Comprehending environmental and economic sustainability: Comparative analysis of stability principles in the biosphere and free market economy
Victor G. Gorshkov, Anastassia M. Makarieva, Bai-Lian Li

TL;DR
This paper compares stability principles in ecosystems and economies using Lyapunov functions, revealing similar mathematical structures and highlighting critical stable and unstable states affecting sustainability and resource distribution.
Contribution
It introduces a formal analogy between ecological and economic stability principles and identifies multiple stable and unstable states in economic systems.
Findings
Ecosystem and economic stability principles are mathematically similar.
Identifies stable and unstable states in both ecosystems and economies.

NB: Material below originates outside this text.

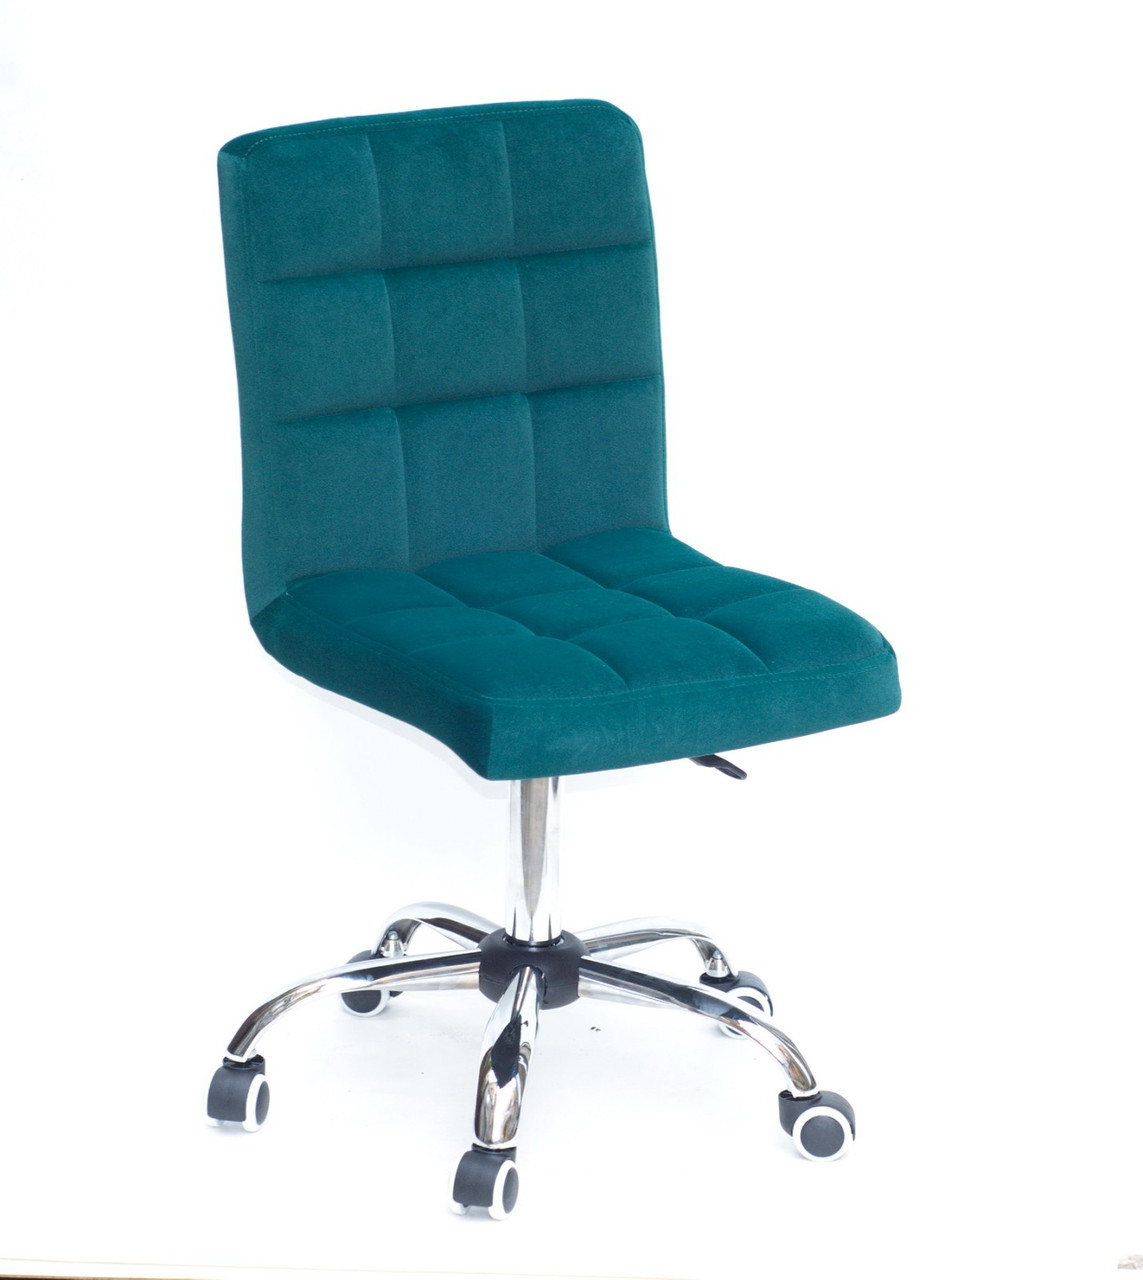 Кресло офисное  на колесах  AUGUSTO  СН-OFFICE  бархат , ЗЕЛЕНЫЙ B-1003

Highlights issues of energy ownership and resource inequality.
Abstract
Using the formalism of Lyapunov potential function it is shown that the stability principles for biomass in the ecosystem and for employment in economics are mathematically similar. The ecosystem is found to have a stable and an unstable stationary state with high (forest) and low (grasslands) biomass, respectively. In economics, there is a stable stationary state with high employment, which corresponds to mass production of conventional goods sold at low cost price, and an unstable stationary state with lower employment, which corresponds to production of novel goods appearing in the course of technological progress. An additional stable stationary state is described for economics, the one corresponding to very low employment in production of life essentials such as energy and raw materials. In this state the civilization currently pays 10% of global GDP for energy produced by a…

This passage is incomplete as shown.